What binds us, apart from geography, is friendship, a love of running and athletics, and a determination to work hard and improve at the sport, which is both infectious and inspiring. We train together on the track, run long on Sundays, talk a lot of garbage, and constantly push each other to get better and succeed.
Whether it was racing, pacing, chasing PBs, or lending some support on the course, WTC showed-up in a big way. And seeing my teammates help one another, and smash their race day goals, was probably the most memorable, humbling part of the whole festival.
Some big results for the boys
Before signing off, I wanted to share some of the crew’s results, because there are some runners in this squad to watch, with very big things still to come. The full results are here.
In the marathon, we had three — THREE — athletes in the Top 6. Jeff Chaseling was third in 2:29.55 and Greg Frost was sixth in 2:35.17 (a six minute personal best). And in the half marathon, we had three runners in the top 20: Dane Ottensen in 10th (1:12:36), Sam Jones in 12th (1:12:44) and Mitch Ryan in 19th (1:14:02).

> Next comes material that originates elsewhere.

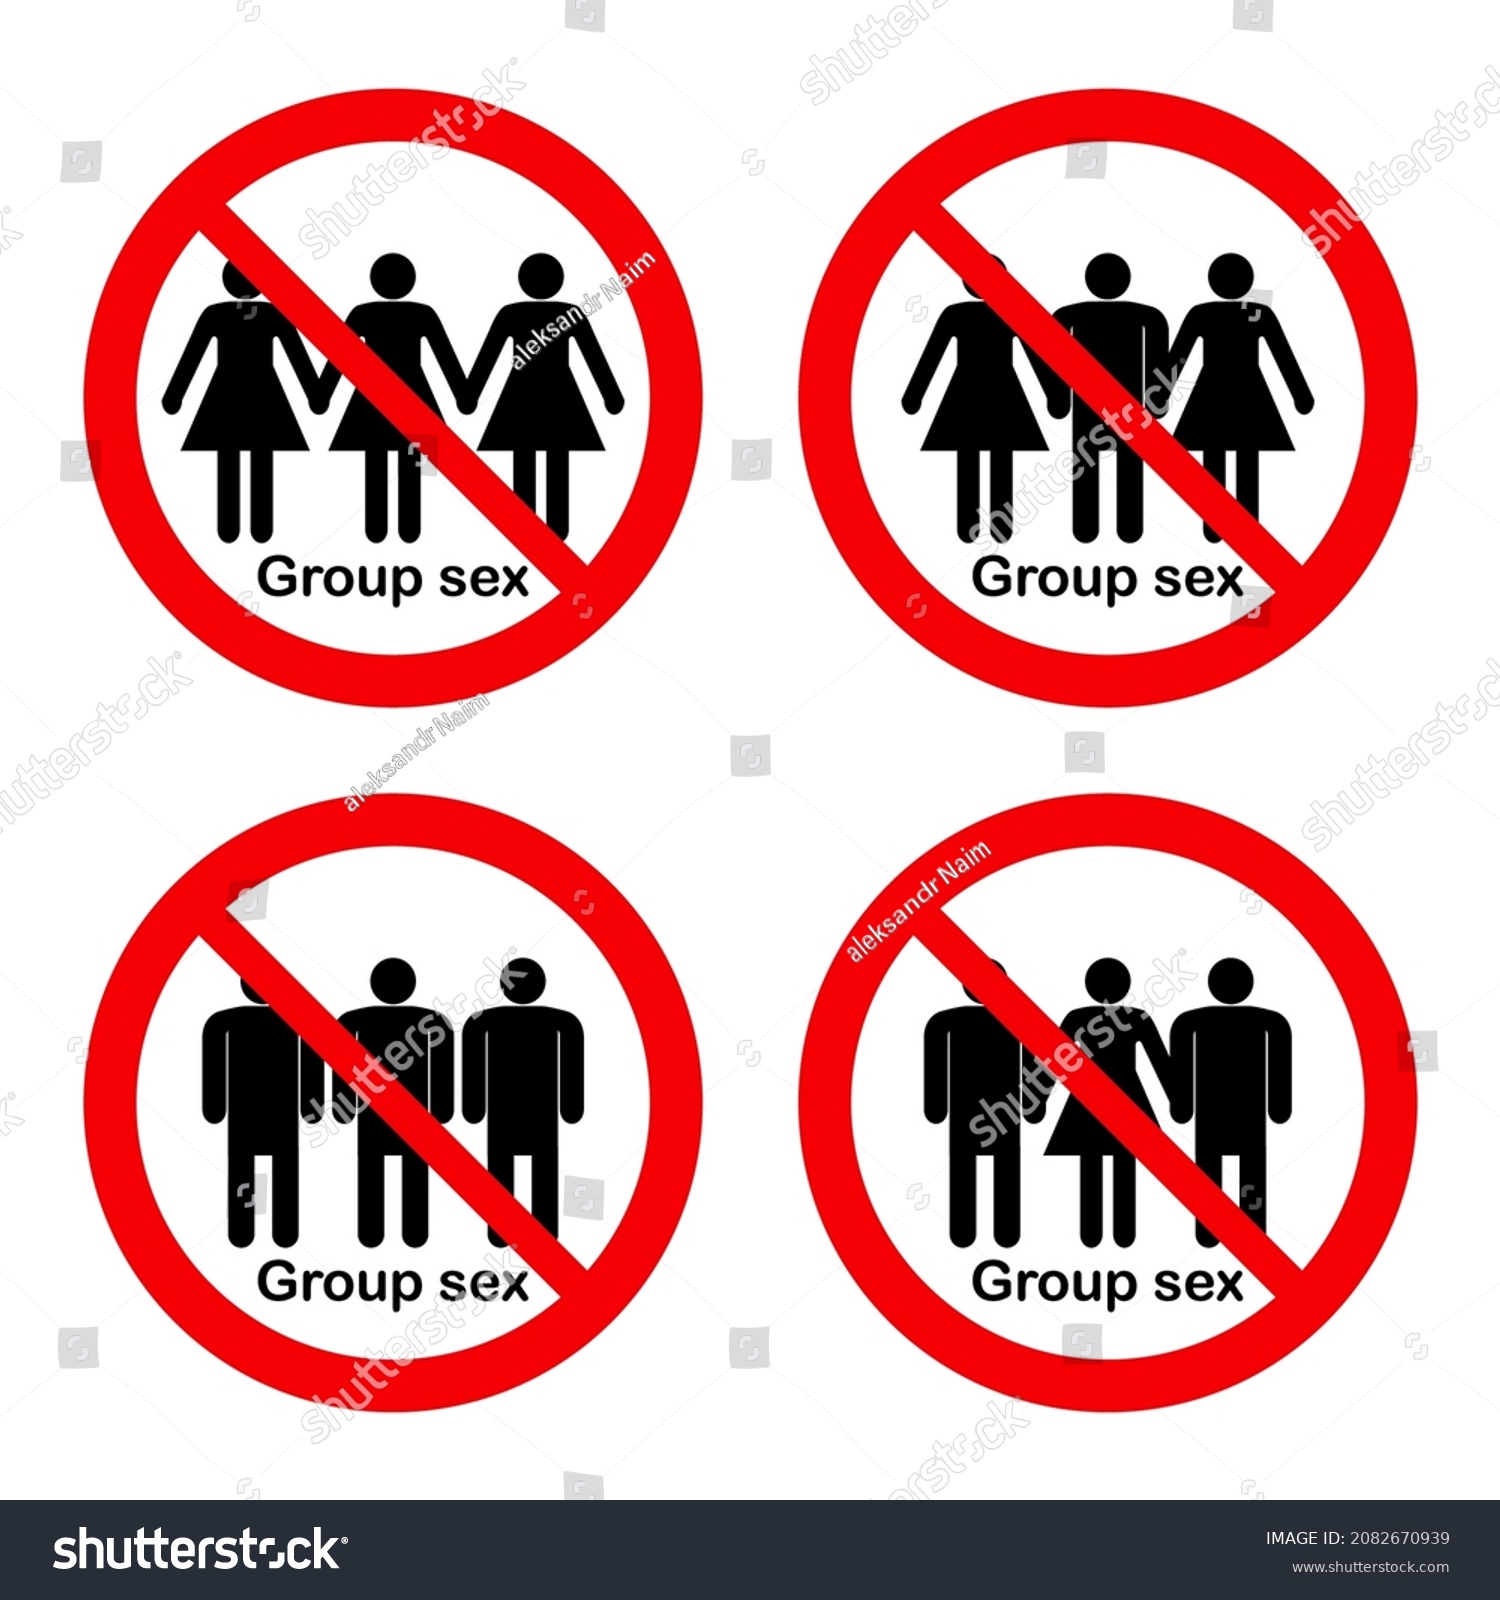 No Group Sex Red Round Prohibition Stock Vector Royalty Free 2082670939 Shutterstock 
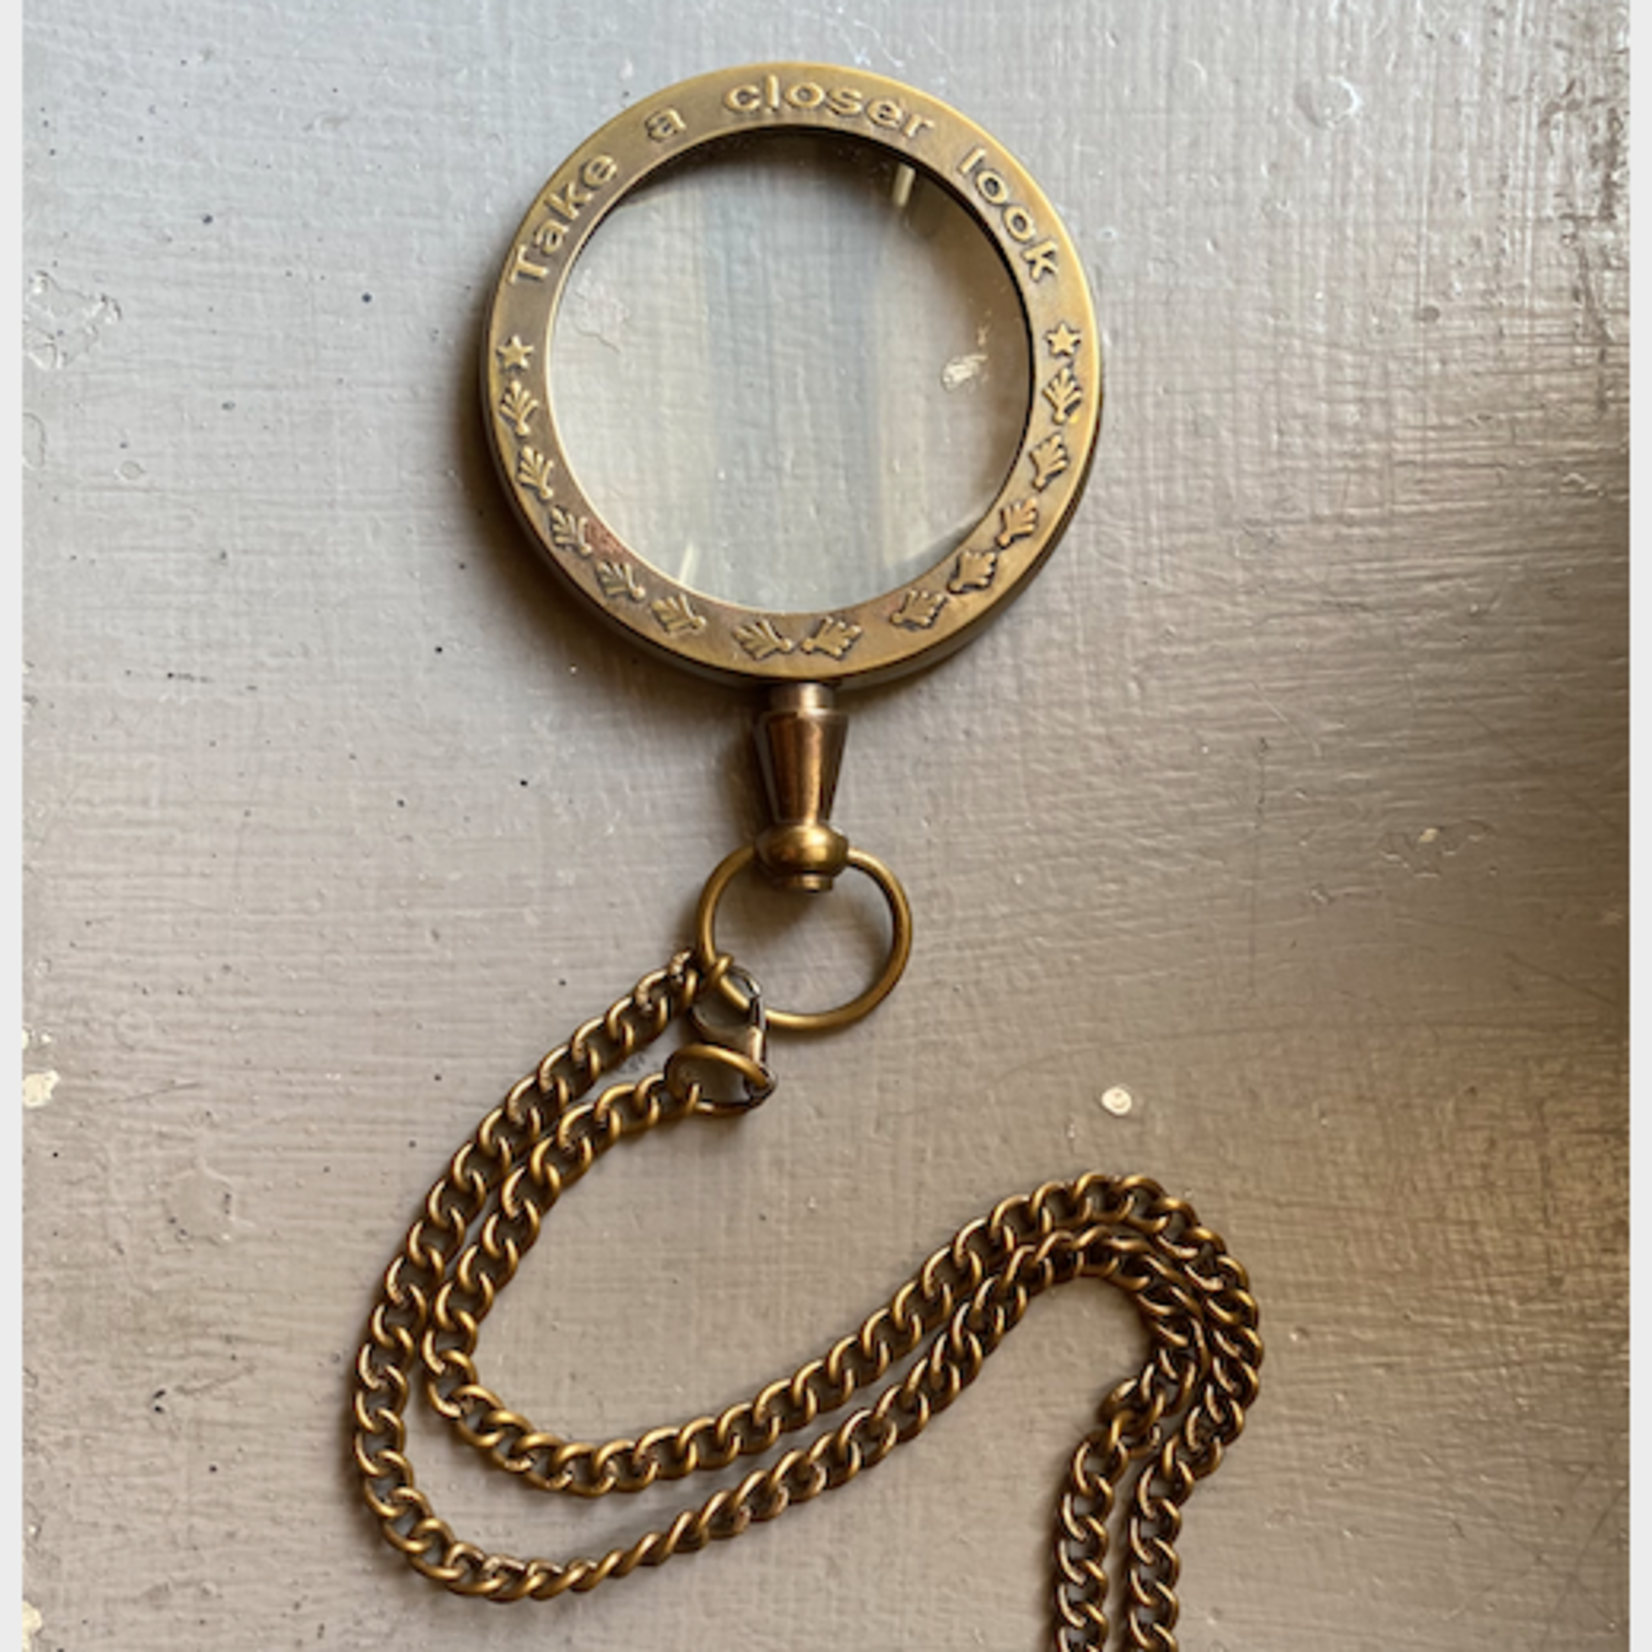 CHEHOMA MAGNIFIER WITH CHAIN 'TAKE A CLOSER LOOK'

We also saw a huge marathon PB from Pete Naseby (3:10:44) and a half marathon PB from Joshua Engel (1:19:44). And in the 10k, Wollongong legend Russell Dessaix-Chin, who is coming back from Achilles surgery, showed that he’s on track to return to some pretty lethal form.
Target 2:20 and what’s next?
And finally, my result. It’s kind of the elephant in the room, right? My goal, of course, is to run sub-2:20. And it didn’t happen at the 2021 Canberra Marathon. Am I upset about it? No. Am I still hungry to hit that goal, and to run even faster? Yes, and yes.
My race didn’t go perfectly, but reflecting on it now, with the passage of a few days, I can confidently say that it was a strong, well-executed run. I went through halfway nearly bang-on where my coach and I wanted, and I ran pretty evenly in the second half (minus the last few hundred metres when I looked like Gumby).
Still, the conditions were tough — it was cold and windy — and it was quite mentally challenging to be racing up the front. It was also my first road race in more than a year, and only my third marathon. When you set audacious goals, you have to be prepared to come up shy; and you have to be prepared to go after them again.
A learning opportunity
I’d agreed with my coach beforehand, this wasn’t a race to ‘get greedy’ and really push the pace early. This was a stepping-stone. Lower the PB, and get another solid effort on the board. I’m still learning the distance, and how to manage my race, and this run taught me a lot.
It reminded me that the distance is bloody tough and must be respected. But it taught me about what I’m capable of achieving when I’m fit and focused; how much pain I can endure, and that I’m able to grind and stay on pace running solo. That gives me confidence moving forward.